= Islamic Relief USA =

American non-profit organization

Islamic Relief USA (IRUSA), is the former name of Islamic Development and Empowerment in America (IDEA), based in Alexandria, Virginia, is a non-profit 501(c)(3) humanitarian agency. IRUSA was founded in California in 1993 and rebranded on 15th September 2026 after being removed as a member of the wider Islamic Relief confederation through a unanimously passed resolution at the International General Assembly (IGA). In addition to international relief and development initiatives, IDEA also sponsors and funds domestic projects ranging from emergency disaster responses to assisting the American homeless population and supporting those who cannot afford basic healthcare. IDEA has not funded any Islamic relief country programme in over 2 years and has no country programmes of its own, it instead funds a range of UN agencies and International NGOs primarily.

==Activities==
IRUSA projects inside the United States include the annual Day of Dignity, when volunteers distribute food, medical care, hygiene kits, blankets, clothing and more to homeless and low-income people across the U.S.

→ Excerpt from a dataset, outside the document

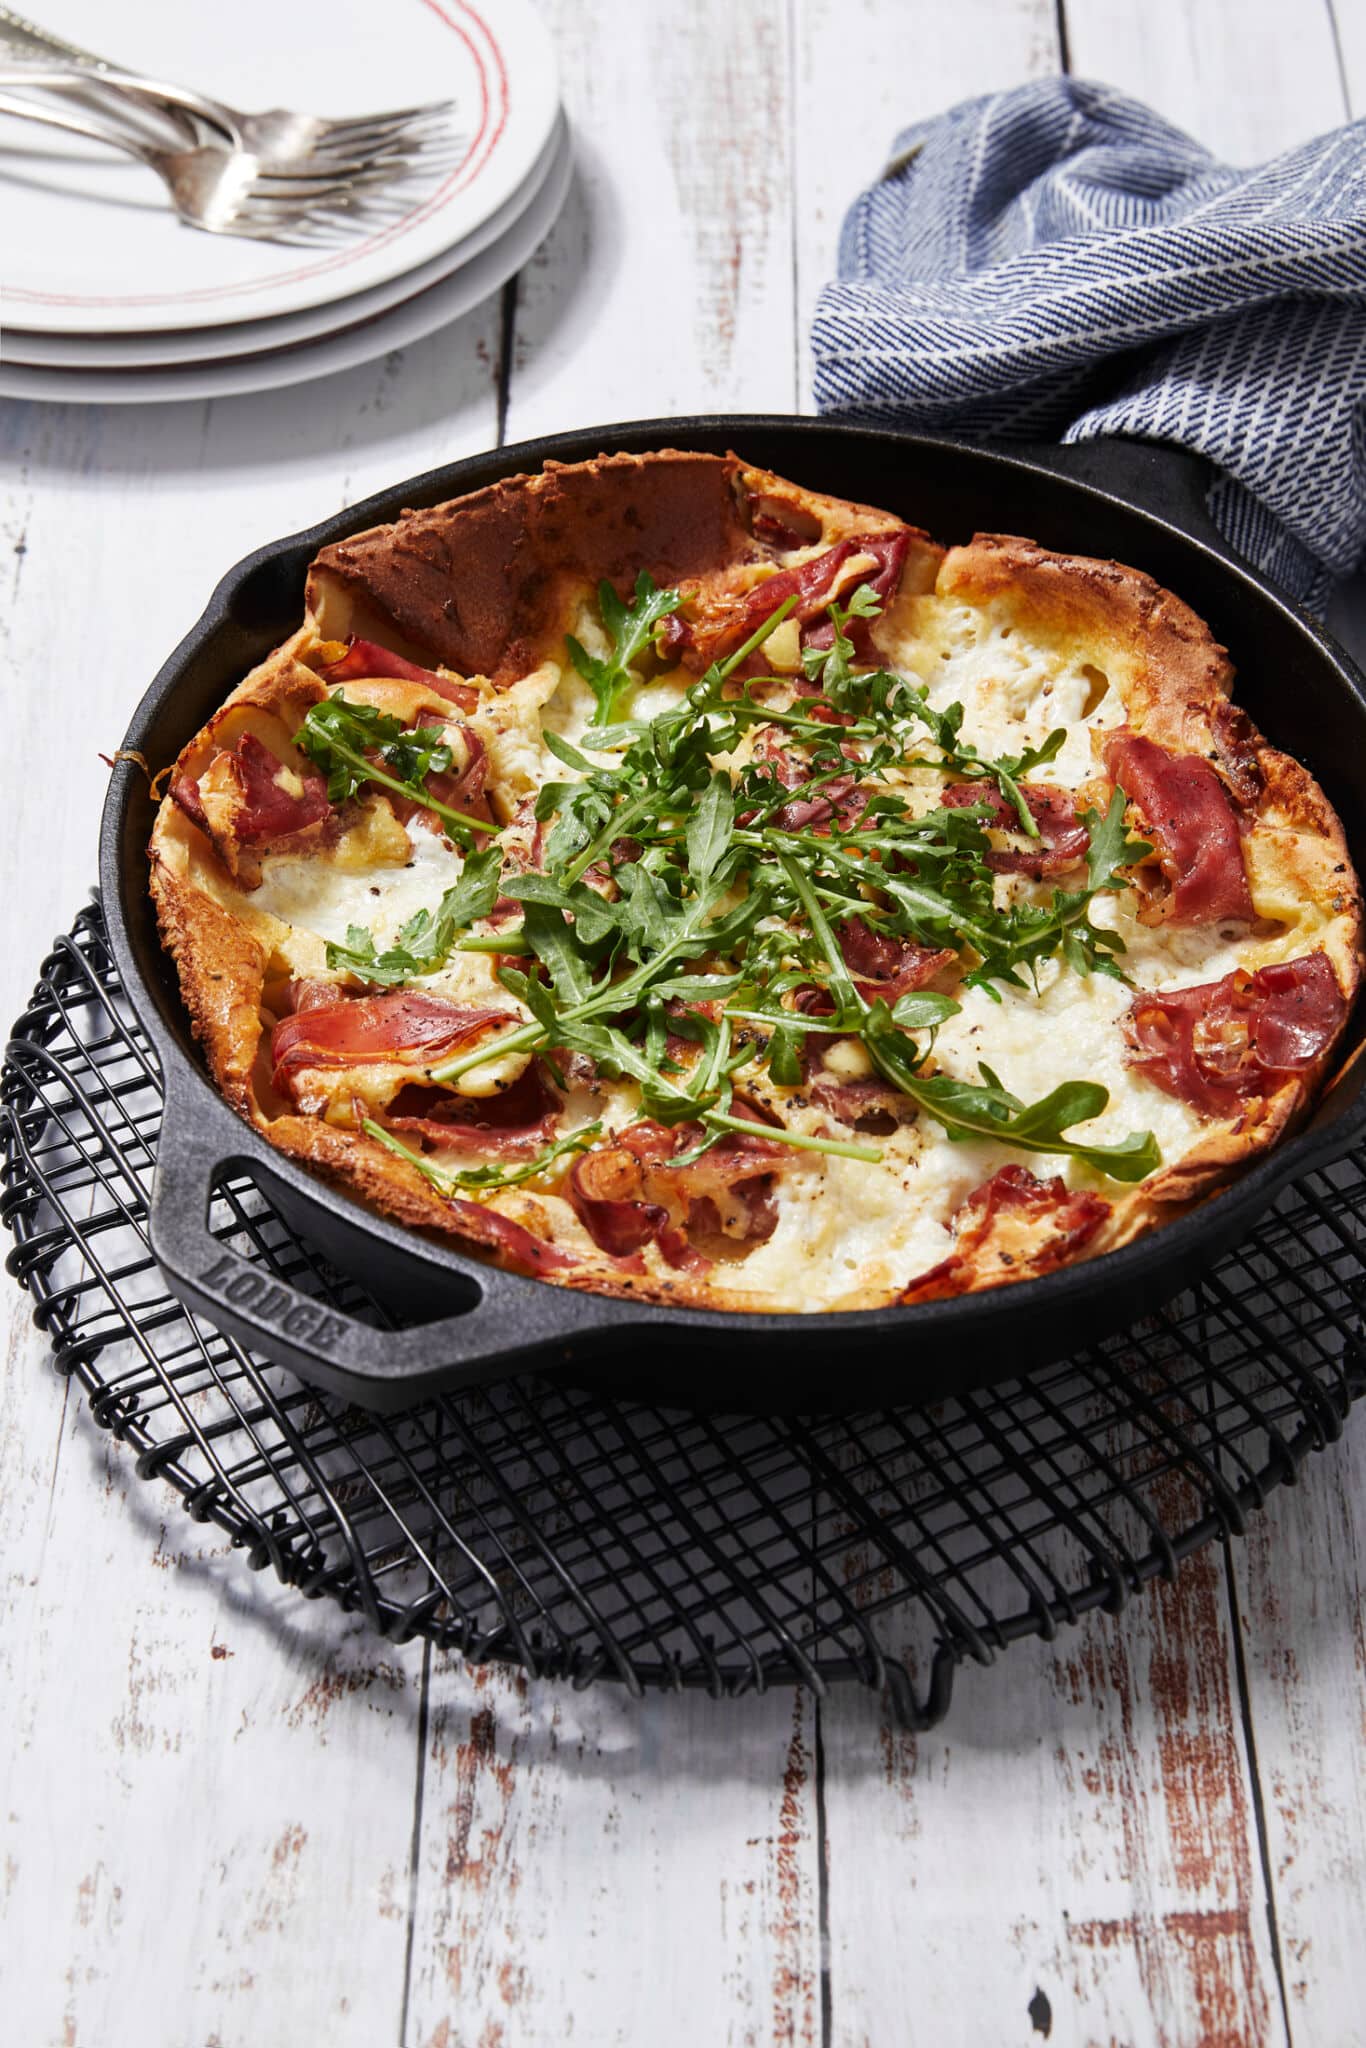 The Dutch Baby is perfectly baked in a cast iron skillet cooling on a black wire rack. The pancake has golden crispy edges, soft silky custard cheese center, toped with savory prosciutto and fresh green arugula. 3 sets of plates and silverware are in the top left corner for serving.

In 2005, IRUSA aided the victims of Hurricane Katrina by providing over $2 million in assistance and sending field workers to distribute aid and assess the needs of the victims. Partnering with IRUSA for the 2006 Yogyakarta earthquake that struck Indonesia, The Church of Jesus Christ of Latter-day Saints donated $1.6 million worth of emergency supplies. Islamic Relief USA and Equal Exchange launched The Islamic Relief USA Fair Trade Project in October 2009.

After Hurricane Sandy in 2012, IRUSA staff and volunteers worked at shelters in New Jersey to house displaced residents. In 2011, IRUSA's disaster response team assisted Alabama residents affected by tornadoes. In 2015, IRUSA gave $50,000 to assist Detroit residents whose water had been turned off due to difficulty paying their bills. Recent international emergency projects include assisting displaced Syrians in Syria and neighboring countries, and assisting refugees arriving in Greece in 2015. In 2016, IRUSA's Disaster Response Team responded to emergencies in the United States including the Flint water crisis, Louisiana flooding, and Hurricane Matthew in North Carolina. In 2017, IRUSA assisted in disasters including Hurricane Harvey and the Las Vegas shooting and continued assisting Hurricane Matthew survivors by repairing homes. In 2018, IRUSA announced a partnership with U.S.-based Hebrew Immigrant Aid Society (HIAS) to provide humanitarian aid to refugees in Greece.

Recent non-emergency projects IRUSA have implemented or supported in the U.S. include after-school meal programs, a prison re-entry program, food aid on American Indian reservations, and assistance for victims of domestic violence. In 2016, IRUSA supported a United Way program assisting homeless families with children in Roanoke, Virginia. In 2017, IRUSA provided food for schoolchildren during the summer in eight cities nationwide in partnership with the USDA. IRUSA provides food, clothes, blankets and other items along with health-care services on its annual Day of Dignity events across the country and distributes food and toiletries to homeless and low-income Americans on Martin Luther King Jr. Day. In 2019, Islamic relief supported flood affected communities in Bahamas, Mali, Sudan, India, and Niger. In 2020, IRUSA responded the COVID-19 crises by assisting more than 5 million beneficiaries domestically and internationally.

==Awards==
In 2019, IRUSA was named a Top-Rated Nonprofit by Great Nonprofits and was awarded four out of four stars by Charity Navigator.